After John got there, we headed to the ER per my neurologist's instructions. On the way there I had another seizure the same as the previous three. Luckily, the wait at the ER wasn't bad at all and I was seen almost immediately. I had another seizure while the doctor was in talking with me. He was able to get a solid diagnosis of complex partial seizure. After talking to my neurologist, I received a shot of Ativan which is a quick acting drug that will stop all seizures but it only lasts a short while. I was also started on the Keppra (500 mg) drug, which I will take twice a day for probably the rest of my life.

After I was released from the hospital, I had to go to the clinic to have an EEG done. An EEG tests your brain waves and monitors to see if anything is misfiring and causing the seizures. I will not know the results of this test until I see my Neurologist next Tuesday.

I have not had a seizure since 8:30AM when I had it with the doctor. With any luck I will not have any more and we can start the long process of monitoring. I will not be able to drive for 6 months after it is proven that the seizures are under control.

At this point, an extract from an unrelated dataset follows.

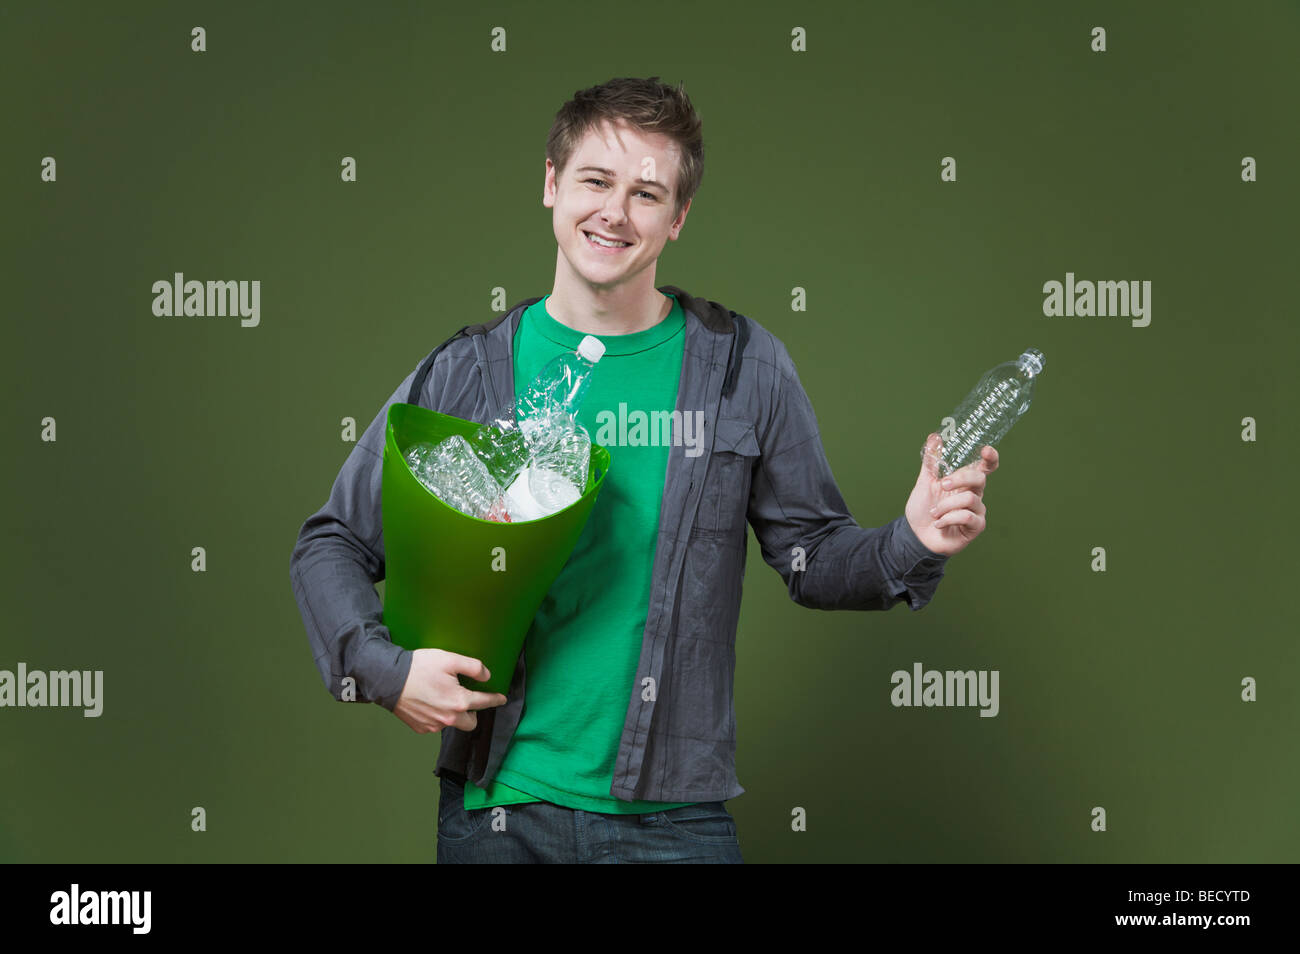 Ritratto di un uomo con un contenitore di riciclaggio e sorridente Foto Stock

The Neurologist and the ER doctor both believe they were caused from scar tissue that is resultant from surgery and radiation. We were told even before I had surgery that I was a risk for seizures and they told me multiple times that radiation can cause side-effects for up to 10 years. I am sure that my neurologist will order an MRI when I see him but for now we are all pretty certain it's scar tissue from radiation.

I wanted to make sure and update everyone. I will keep you all posted on what is going on. For now, all is well but this week will be a big test.

Huggles,

-- Amy

Monday, May 25, 2009

The Month in Review... May

The statement for the month... Where in the world is time going? It seems like it was just a few months ago that I had surgery and here it is nearing the 1 year mark.

  • I am 11 months past the resection of my brain tumor
  • It has been 7 months since I completed radiation
  • I am in month 3 after finding that things are stable
Medically - Things with my head continue to be stable and no symptoms have tried to sneak their way in so I'm happy with things at the time being.

The meds continue to work their wonders with keeping my energy and mood stable. I know the boys are very happy for this. They can tell if I've not taken them for some reason.

I'm still waiting for the faithful day I get my partial for my teeth. I can feel my teeth moving constantly and I can't wait. In the meantime, when it flares up I take ibuprophen for it because that's all that seems to help. My blood pressure continues to be stable despite a flare up of allergies/cold over the past month. This is a good thing. I also had the follow-up with my eye doctor and he said he is not concerned with my eyes but wants to keep an eye on it anyway. He believes there is some benign scarring from possibly a fungal infection and the optic nerve is settling back in so there is no real question that it is from surgery and the tumor.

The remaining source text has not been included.